Emenda melhor que o soneto

Ideia do Congresso de apresentar substitutivo da reforma da Previdência pode ser positiva

Notas & Informações, O Estado de S.Paulo

23 de maio de 2019 | 03h00

Na sexta-feira passada, o presidente da Comissão Especial que analisa a reforma da Previdência, deputado Marcelo Ramos (PR-AM), anunciou que o Congresso planeja apresentar um substitutivo ao texto elaborado pelo governo Bolsonaro. “Essa é uma reforma muito importante para o País, fundamental, e não podemos correr o risco de não ser aprovada porque há deputados que antipatizam com o governo Bolsonaro”, disse Ramos.

Apesar de o novo texto não estar definido, deve-se reconhecer que a ideia de o Congresso apresentar um substitutivo da reforma da Previdência pode ser muito positiva para o País. Além da questão da viabilidade política, a Proposta de Emenda Constitucional (PEC) 6/2019, na forma como foi apresentada, fere a Lei Complementar (LC) 95/98.

A falha não é mero pecadilho formal. A proposta de reforma do governo Bolsonaro viola as regras do processo legislativo, regras essas que protegem a democracia representativa. Em seu art. 59, a Constituição define que o processo legislativo compreende a elaboração de emendas à Constituição, leis complementares, leis ordinárias, leis delegadas, medidas provisórias, decretos legislativos e resoluções. E o parágrafo único deste artigo estabelece que uma lei complementar disporá sobre a elaboração, a redação, a alteração e a consolidação das leis.

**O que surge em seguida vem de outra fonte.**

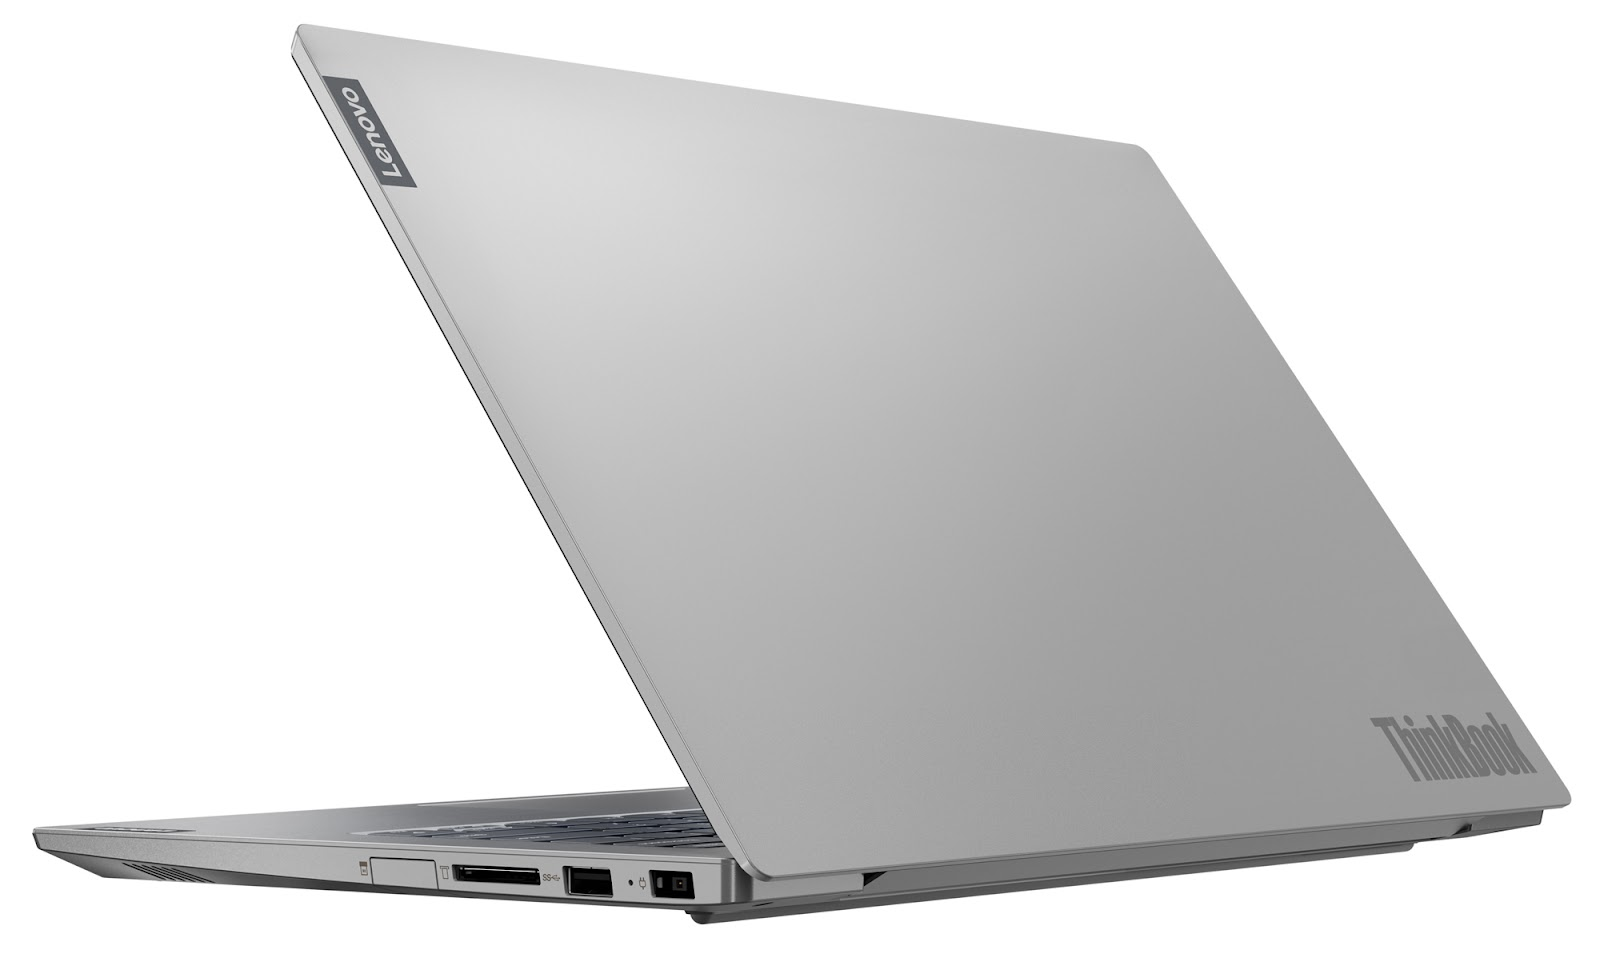 Фото 2. Ноутбук Lenovo ThinkBook 14 IIL (20SL00JURU)

Em 1998, o Congresso aprovou a Lei Complementar 95/98, que dispõe sobre o processo legislativo. Entre outros parâmetros para a redação e a alteração das leis, o seu art. 7.º define que, “excetuadas as codificações, cada lei tratará de um único objeto” e que “a lei não conterá matéria estranha a seu objeto ou a este não vinculada por afinidade, pertinência ou conexão”. Essas disposições se aplicam a todos os atos normativos previstos no art. 59 da Constituição, isto é, elas também se referem às emendas constitucionais.

Como é sabido, a proposta de reforma da Previdência do governo Bolsonaro contém vários temas não relacionados à reforma do sistema previdenciário. No texto da PEC 6/2019, o governo federal incluiu, por exemplo, o fim da multa de 40% sobre o Fundo de Garantia do Tempo de Serviço (FGTS) dos aposentados que forem demitidos sem justa causa. Como já dissemos aqui, “haverá uma grande surpresa se o ministro da Economia, Paulo Guedes, conseguir explicar a relação entre essa novidade e a redução do buraco no sistema de aposentadorias e pensões”.

Outras matérias estranhas à reforma da Previdência que estão na proposta do governo Bolsonaro: a restrição do pagamento do abono salarial a trabalhadores que recebem até um salário mínimo por mês, a alteração de pontos da Emenda Constitucional 88/2015 – que afetam a composição do Supremo Tribunal Federal e dos outros Tribunais Superiores –, a limitação do acesso dos segurados do INSS ao Poder Judiciário com a restrição dos casos de competência delegada da Justiça Estadual, a exigência para que o Poder Judiciário indique fonte de custeio em suas decisões e, como se não fosse pouco, o texto ainda exclui parte do art. 42 da Constituição, o que poderá facilitar a participação de policiais militares e bombeiros nas eleições.

A urgência de um novo sistema previdenciário não é motivo para aprovar um projeto com deficiências jurídicas. Veja-se o que medidas do governo sem o devido cuidado técnico vêm suscitando. Segundo levantamento do Estado, 30 contestações contra atos do governo já foram protocoladas no Supremo. O açodamento e a falta de rigor técnico levam a uma maior judicialização e, consequentemente, a uma maior insegurança jurídica. Não é disso que o País precisa.

A necessidade de uma reforma da Previdência que reduza o déficit fiscal e elimine os privilégios e disparidades entre os diferentes regimes deve incentivar o Congresso a aprovar uma PEC juridicamente consistente. Se o governo federal abriu mão da qualidade técnica ao elaborar sua proposta, cabe ao Congresso redigir um substitutivo à altura das necessidades do País. Que a emenda saia melhor que o soneto.